***** Source material *****

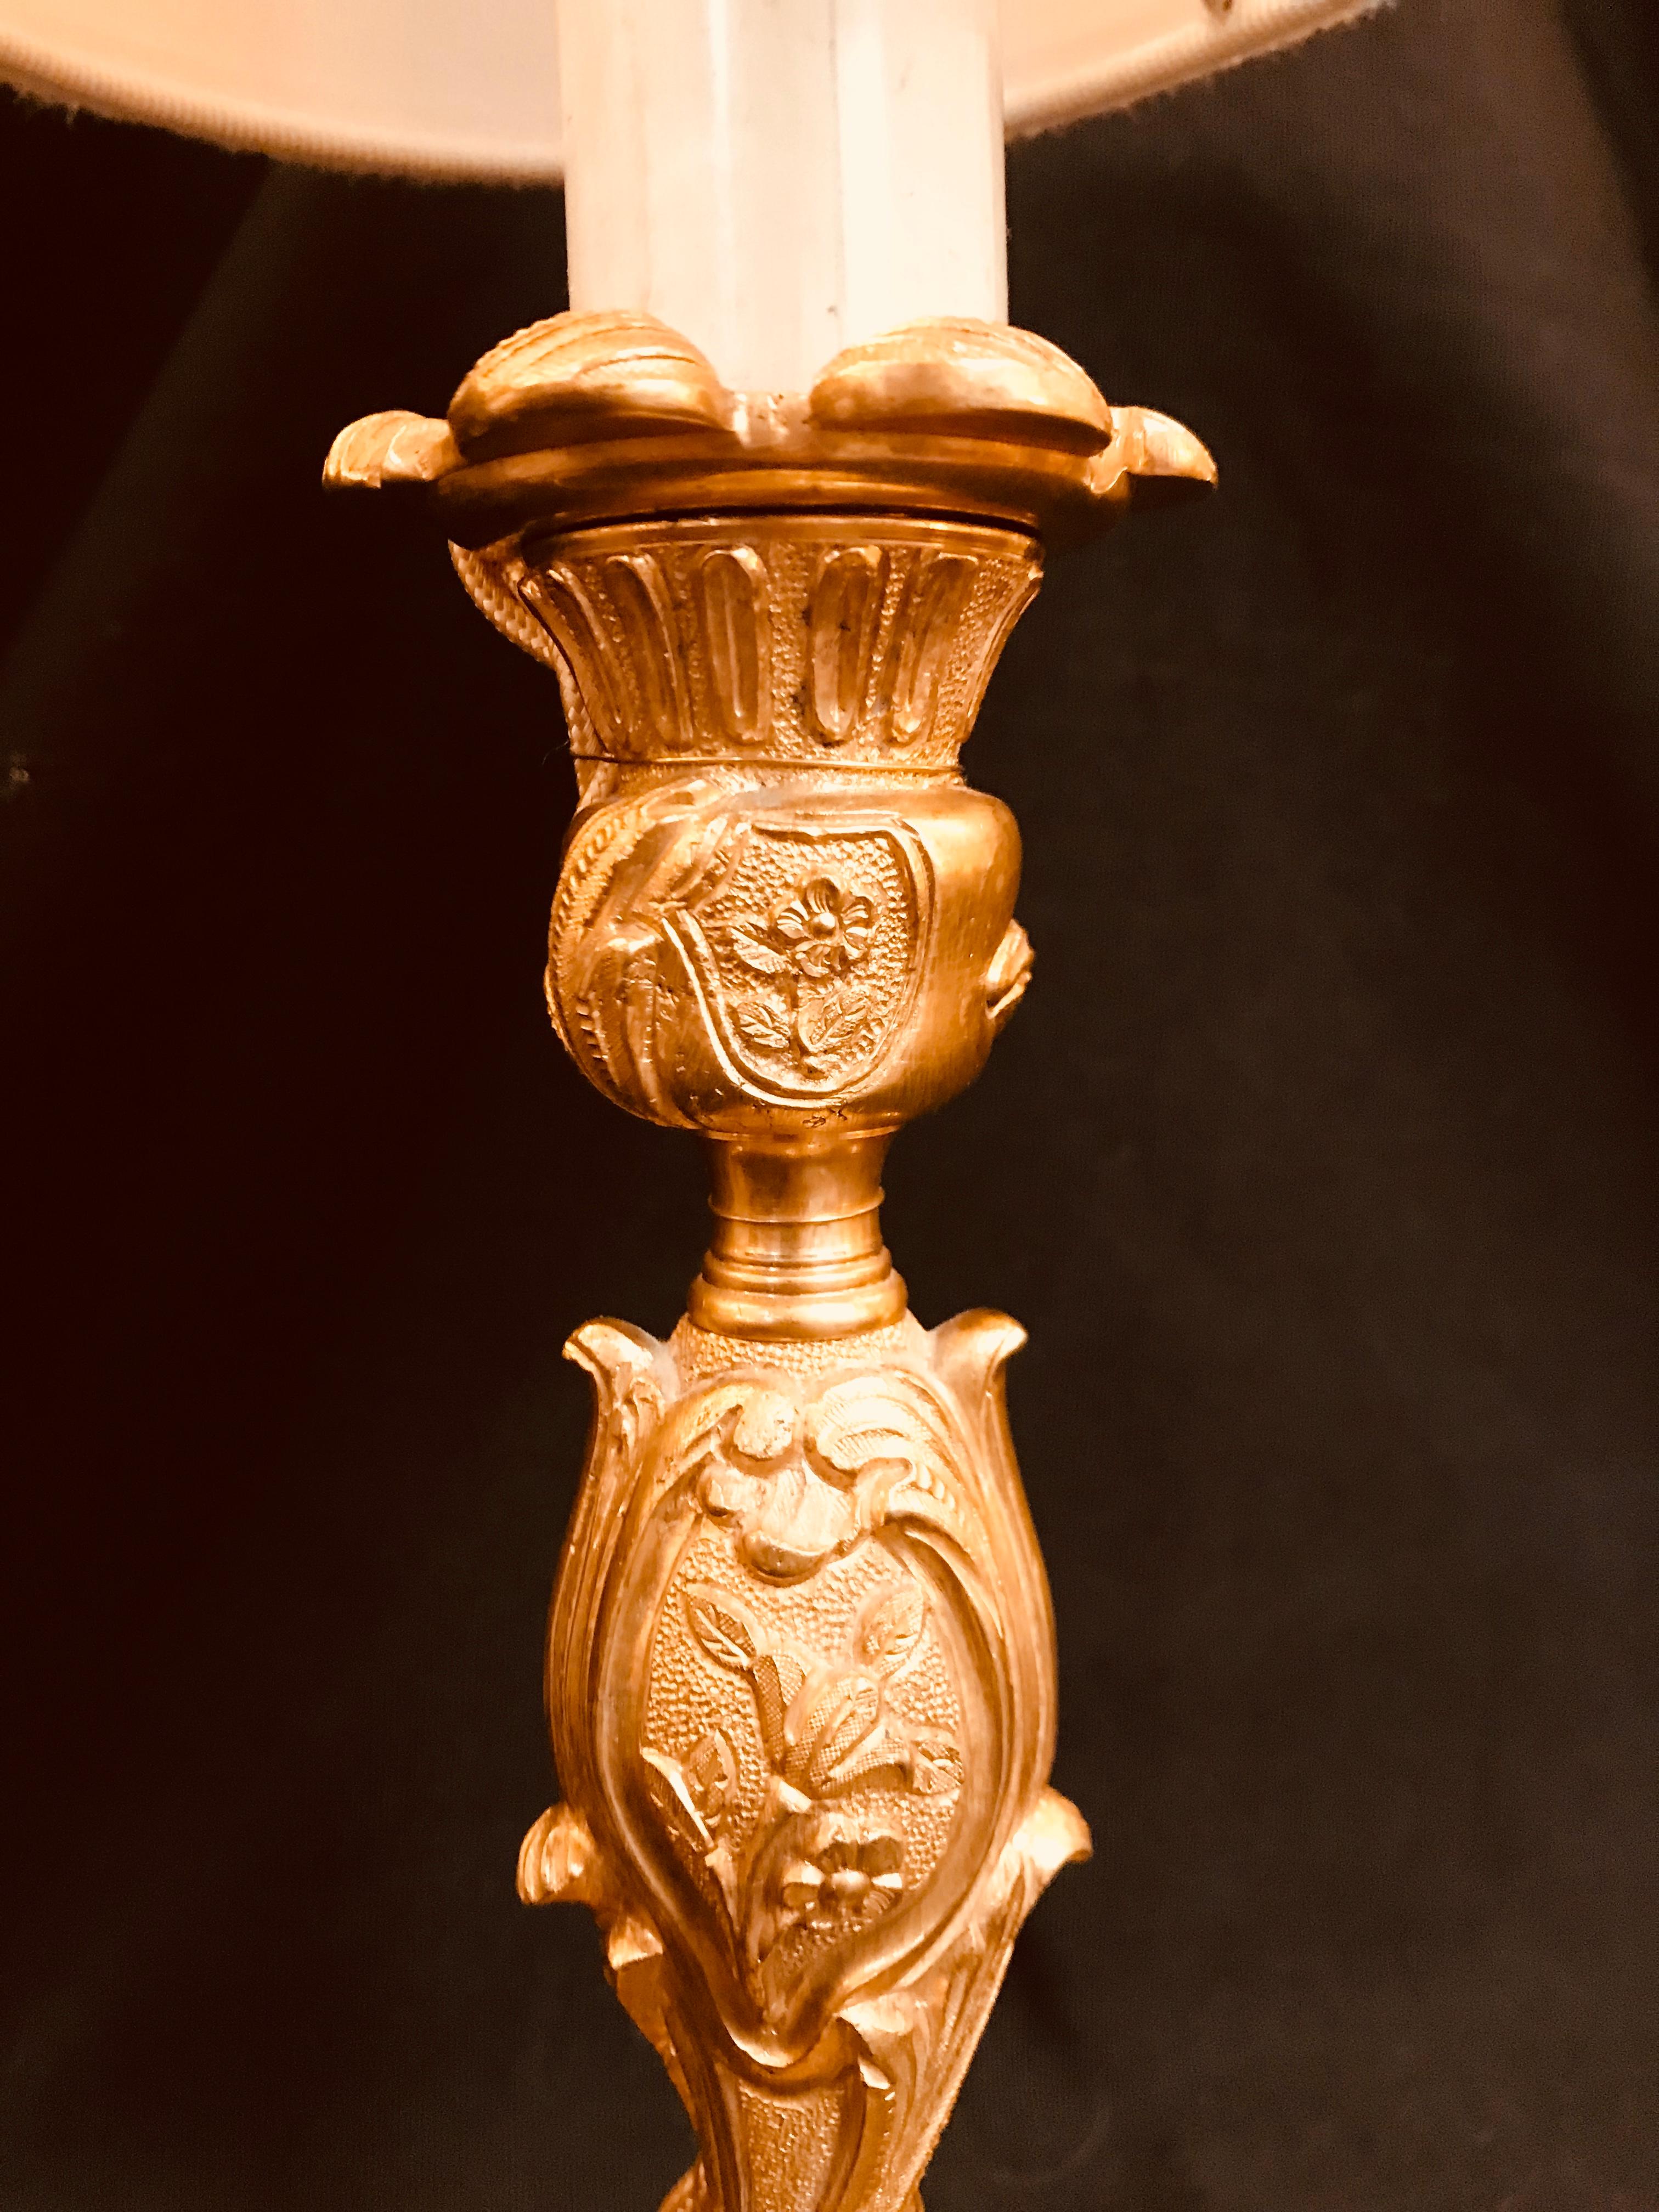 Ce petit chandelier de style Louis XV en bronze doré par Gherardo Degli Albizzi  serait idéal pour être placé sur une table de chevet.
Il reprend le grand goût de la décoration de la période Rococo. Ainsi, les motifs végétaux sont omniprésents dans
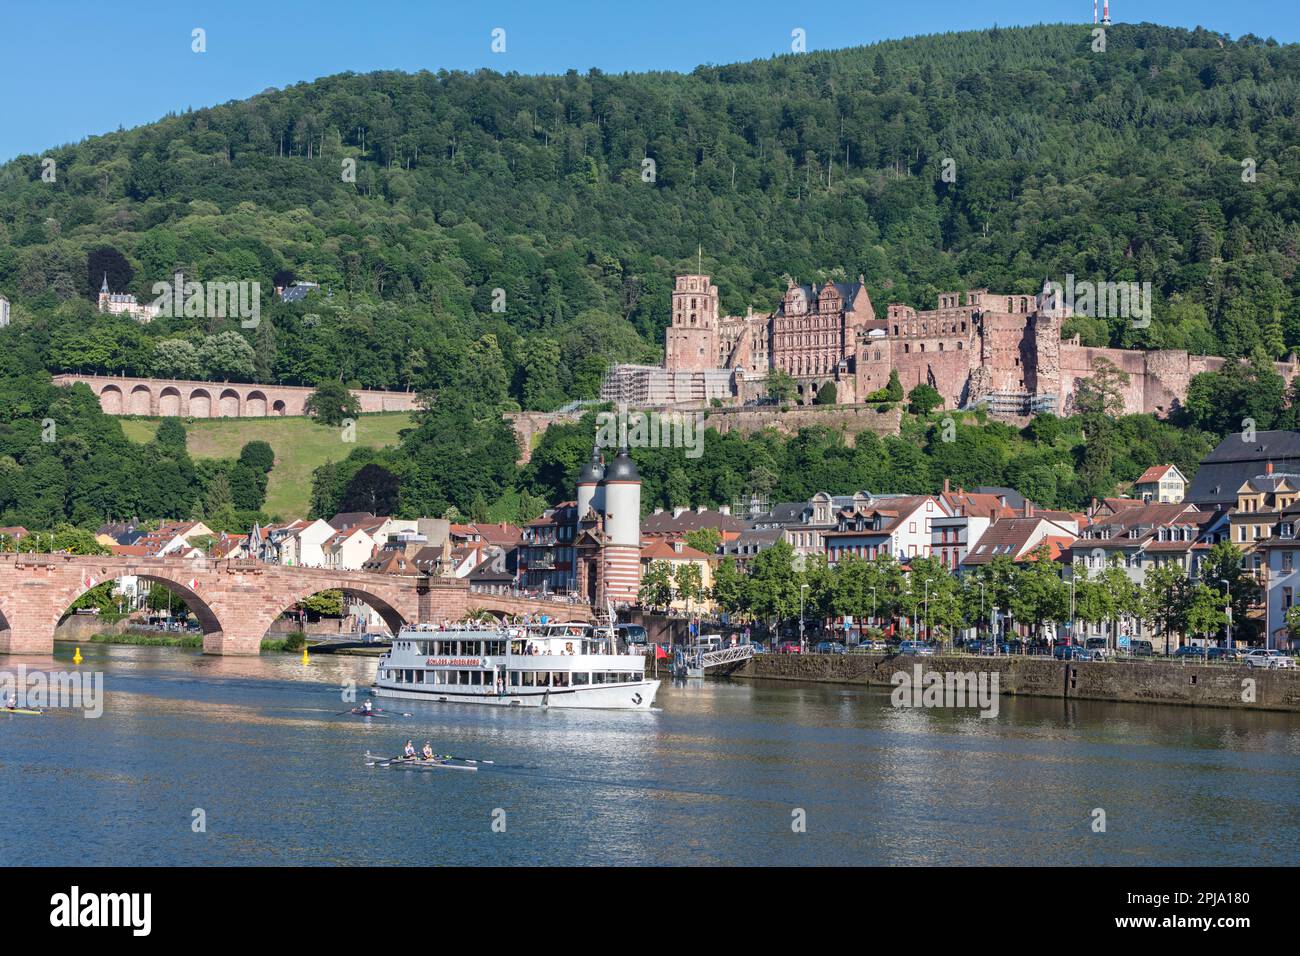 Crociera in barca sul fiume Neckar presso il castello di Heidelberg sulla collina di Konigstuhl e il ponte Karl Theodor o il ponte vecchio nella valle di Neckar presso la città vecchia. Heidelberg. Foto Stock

*****

From the line with "Il reprend le" to the last line above, restate each line word for word, but skip the pictures.

Il reprend le grand goût de la décoration de la période Rococo. Ainsi, les motifs végétaux sont omniprésents dans
 Crociera in barca sul fiume Neckar presso il castello di Heidelberg sulla collina di Konigstuhl e il ponte Karl Theodor o il ponte vecchio nella valle di Neckar presso la città vecchia. Heidelberg. Foto Stock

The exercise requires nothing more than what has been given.